Group based on measurement learns the second data set of data, and second data set, which is located at, is configured as receiving such data On processor；

For the nonlinear function of each target gene；Wherein, the parameter of the nonlinear function is the Bayes using modification Estimating method determines；

With the third data set for the related patient-specific information of the gene expression dose of the target gene observed, The patient-specific information includes new cancer sample data；

Wherein, the expression of the target gene is determined using the nonlinear function, and is determined in given sample For relatively patient-specific between the prediction expression and the expression observed of the target gene Inconsistency scores；And

Wherein it is determined that the activation scoring for all test samples and inconsistency scoring, thus identify the target gene table Up between the somatic mutation in the upstream regulated and control network of horizontal inconsistency and the specific gene statistically significantly Association.

8. system according to claim 7, wherein it is described based on measurement group learn data the second data set include RNAseq expresses data, copy number delta data and DNA methylation data.

9. system according to claim 7, wherein the regulation and control tree includes regulation and control sub-network, and the regulation and control sub-network is known Relationship between the expression of the not described gene and the genome of the gene and epigenetics state and the gene Upstream transcription regulatory factor.

10. system according to claim 7, wherein the nonlinear function is the regulation and control sub-network based on the gene State and the epigenetics information for the gene that data obtain is learned according to the group based on measurement to determine.

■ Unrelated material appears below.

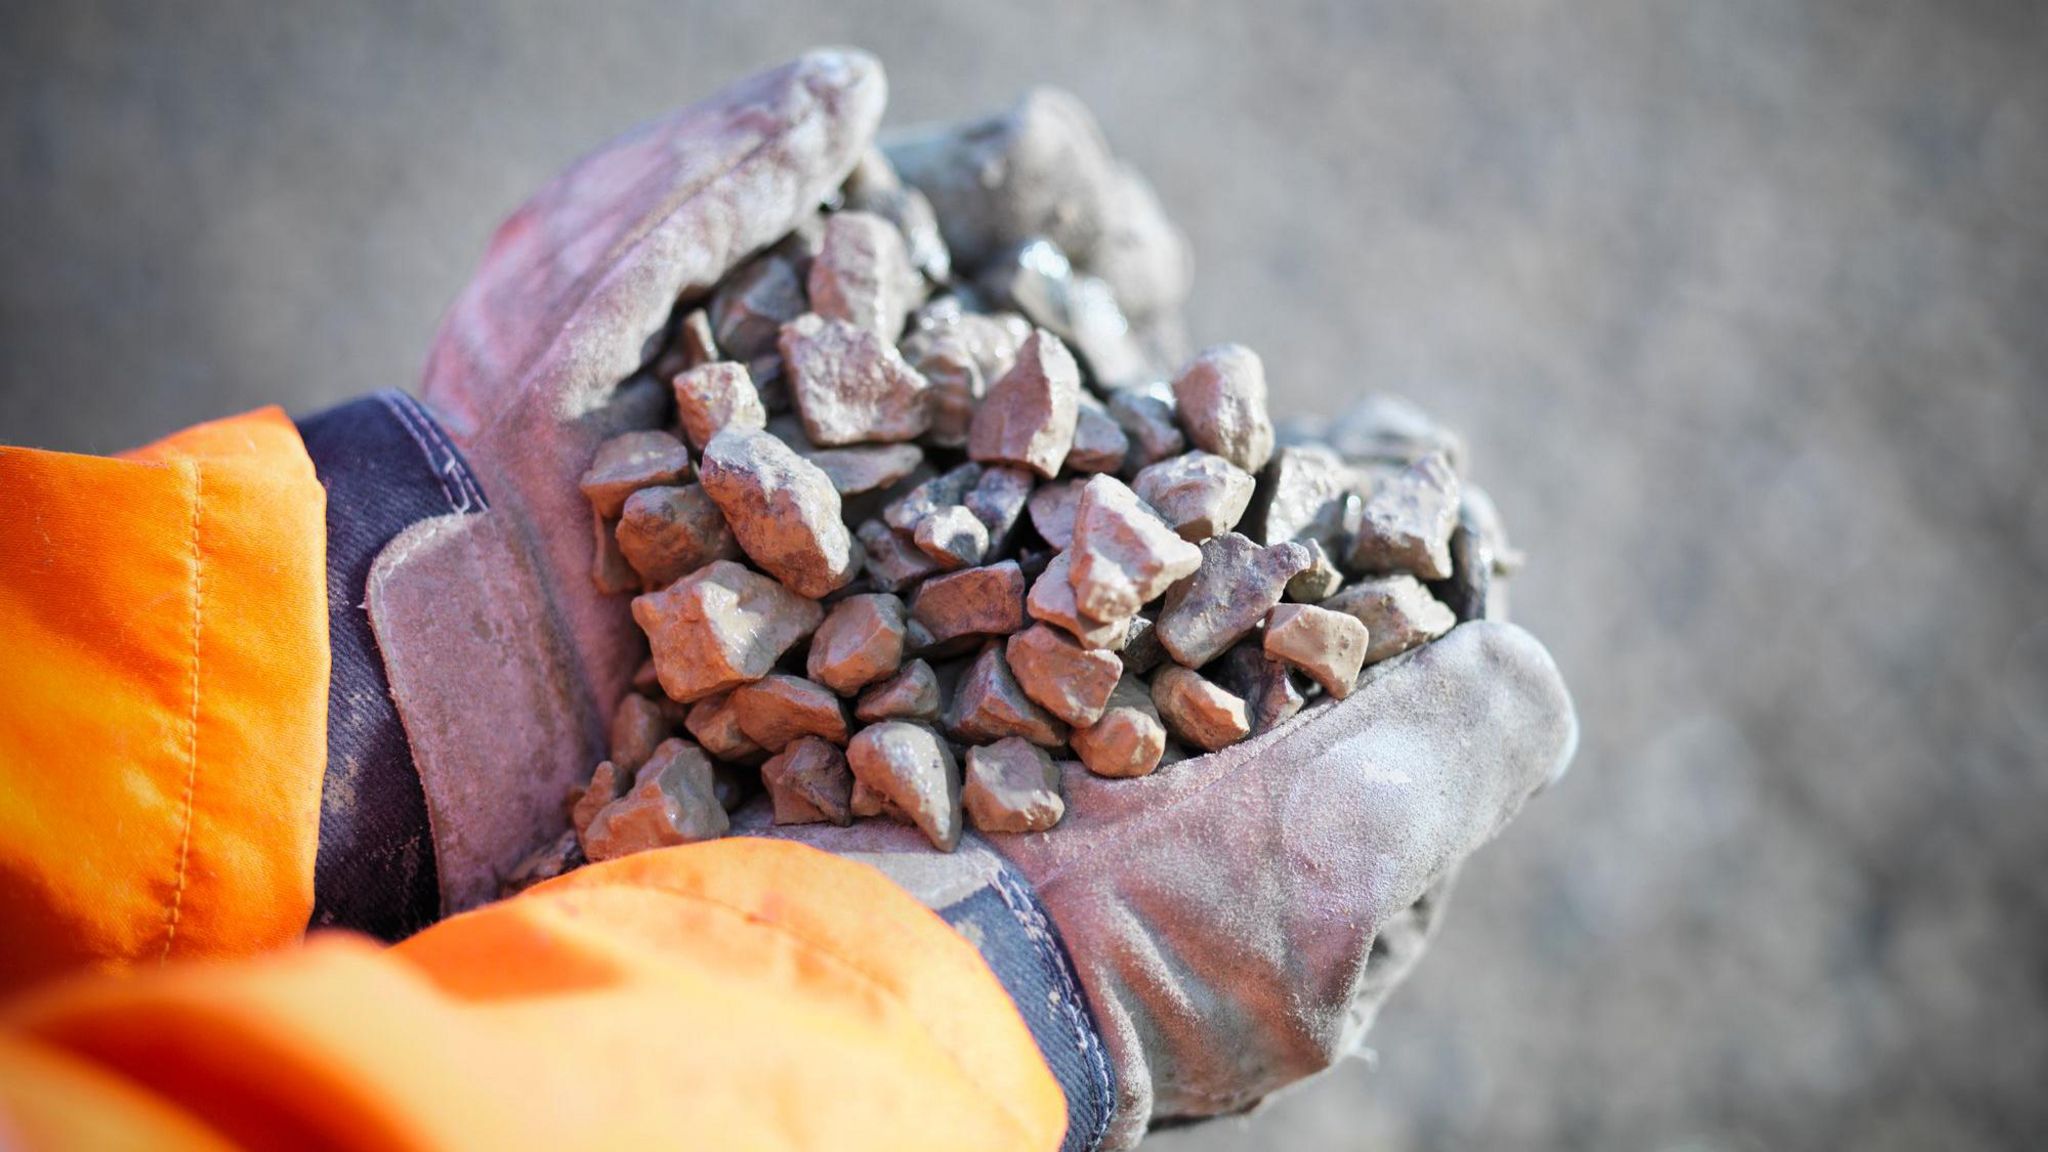 A close up image of a person's hands holding gravel

11. system according to claim 10, wherein the nonlinear function is by including global depth penalty mechanism For the bayes method of the modification come what is determined, the global depth penalty mechanism captures the controlling gene in the sub-network Potential stronger influence.

12. system according to claim 7, wherein the patient-specific information includes cancer sample data, for example, Rna expression data, CNV data, the data that methylate and somatic mutation data.